Batubara yang ditemukan di stasiun ini merupakan batubara pada Formasi Bayah yang
dijumpai sebagai sisipan, terutama pada bagian tengah dan atas pada susunan batuan dengan
ketebalan kurang dari 1 meter. Secara fisik umumnya batubara berwarna hitam, kilap terang
(bright) dan kusam (dull), beralapis tipis (banded), agak keras hingga rapuh, umumnya
beralaskan batulempung. Batubara pada formasi ini diendapkan pada lingkungan darat, pada
wilayah limpah banjir (floodplain) bagian dari sistem sungai berkelok hingga lingkungan transisi
(bisa di daerah delta).
Pada singkapan batubara ini terdapat 3 log stratigrafi diantaranya :

1. Pengukuran pada log A menunjukan tinggi 120cm dengan gradasi warna batulempung
berada paling bawah dan atas, sedangkan batubara sebagai sisipannya. Tingkat warna
pada batubara ini belum menunjukan batubara ini bernilai ekonomis karena masih masuk
dalam golongan batubara jenis lignit dengan kilap dark/dull. Batulempung sebagai batuan
penciri batubara yang bersisipan dengan batubara mempunyai warna abu terang dan
lunak. Pada log ini juga ditemukan adanya mineral lain seperi sulfur yang dimana
menunjukan batubara ini tidak bersifat insitu karena merupakan hasil transportasi
(allochtonus) dan menunjukan lingkungan pengendapannya transisi (ada kontaminasi
dengan air laut) ataupun juga mengindikasikan adanya pengaruh dari bakteri anaerob.
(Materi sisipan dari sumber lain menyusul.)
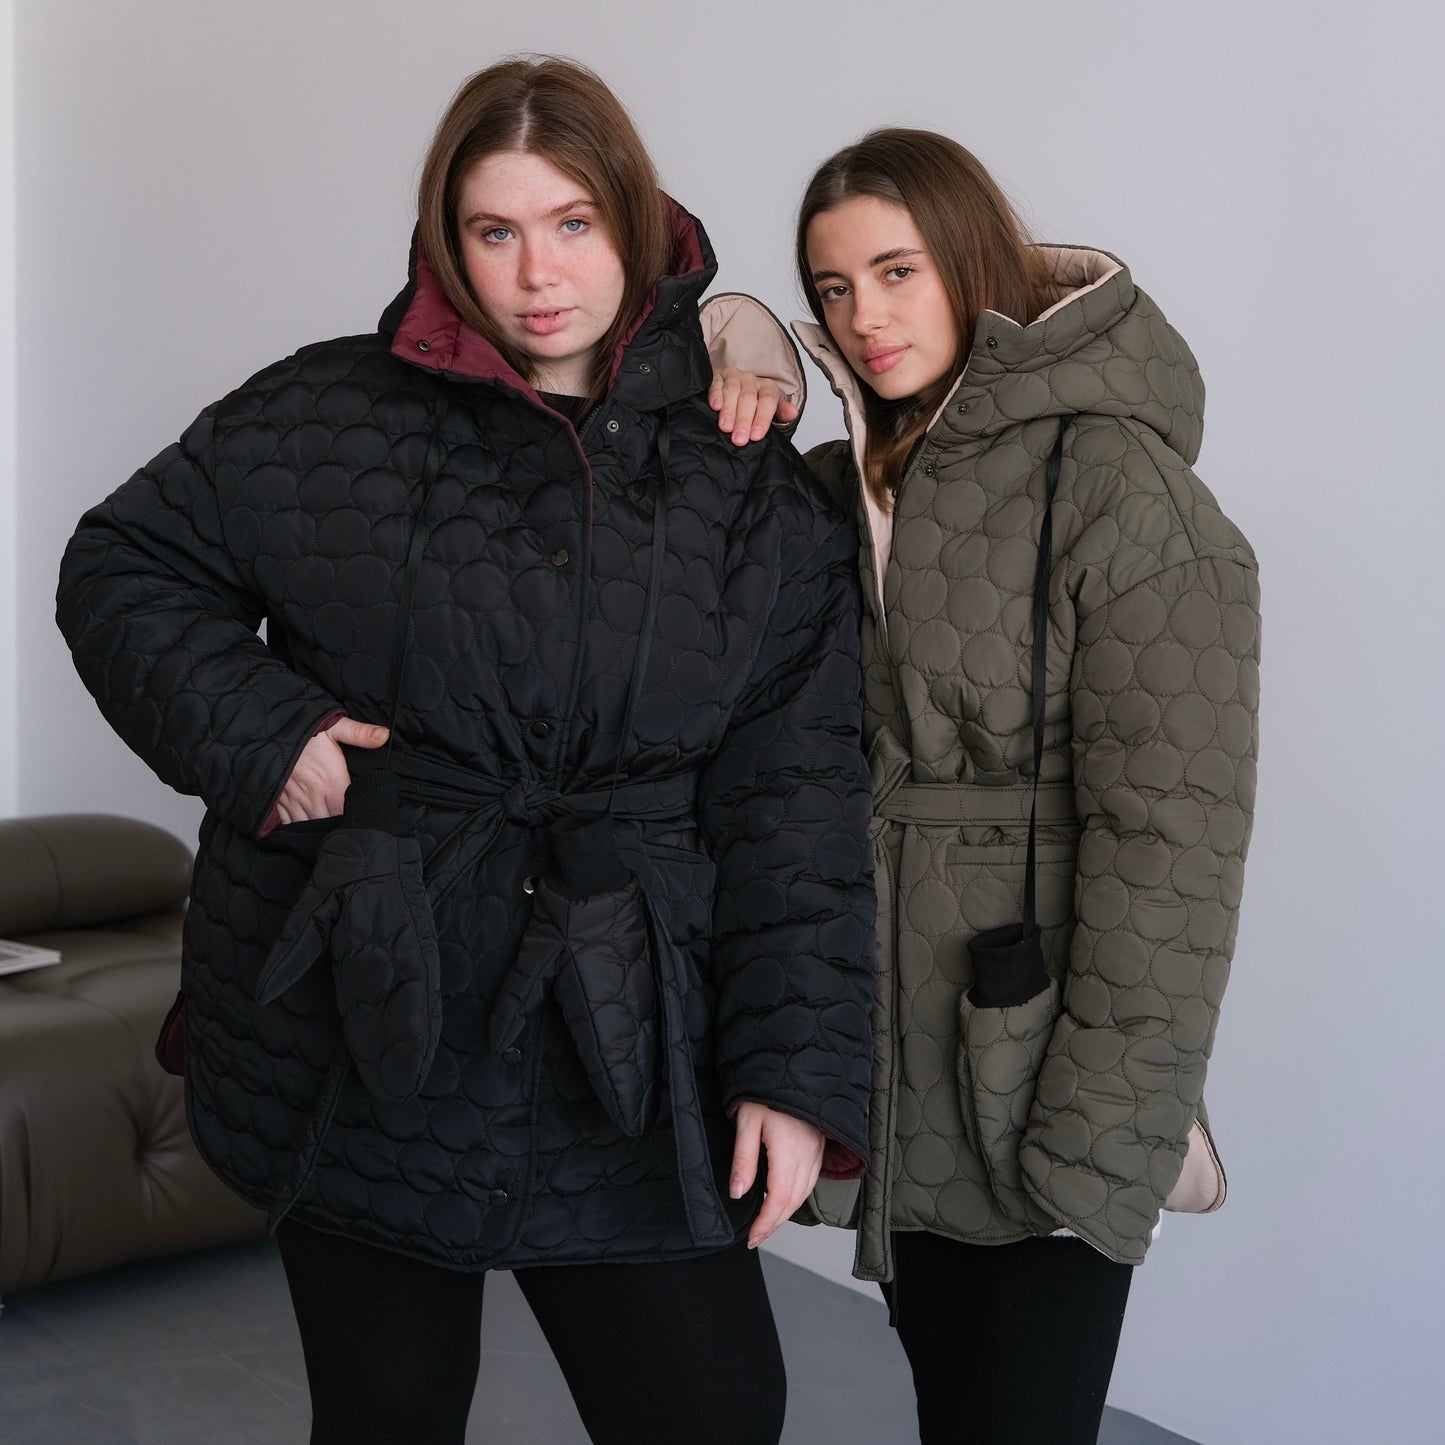 Winter double-sided jacket marsala/black

2. Pengukuran pada log B menunjukan tinggi 140cm dengan gradasi warna perselingan
antara batulempung dan batubara. Batubara pada log ini mempunyai kilap yang berbeda
dengan kilap pada log A yakni kilap yang didominasi adalah kilap terang (bright). Tidak
semua batubara pada perselingan ini mempunyai kilap yang sama dan ketebalan lapisan
yang sama. Batulempung sebagai batuan penciri batubara yang bersisipan dengan
batubara mempunyai warna abu terang dan lunak.
3. Pengukuran pada log C menunjukan tinggi 120cm dengan gradasi warna batulempung
kontak dengan batubara dimana lapisan batulempung lebih tebal dibandingkan dengan
batubara. Batubara pada log ini mempunyai kilap terang (bright). Batulempung sebagai
batuan penciri batubara yang bersisipan dengan batubara mempunyai warna abu terang
dan lunak

Jarak antara penampang A ke B 60cm, jadi pada jarak 60cm batubara yang tadinya sisipan
menjadi perselingan dan B ke C 80cm dari jarak 80cm batubara yang perselingan dengan
batulempung sudah berubah menjadi kontak. Dari hal tersebut mengindikasikan pada jarak 60
dan 80cm ada terjadi erosi atau perubahan tekanan yang mengakibatkan terjadi demikian.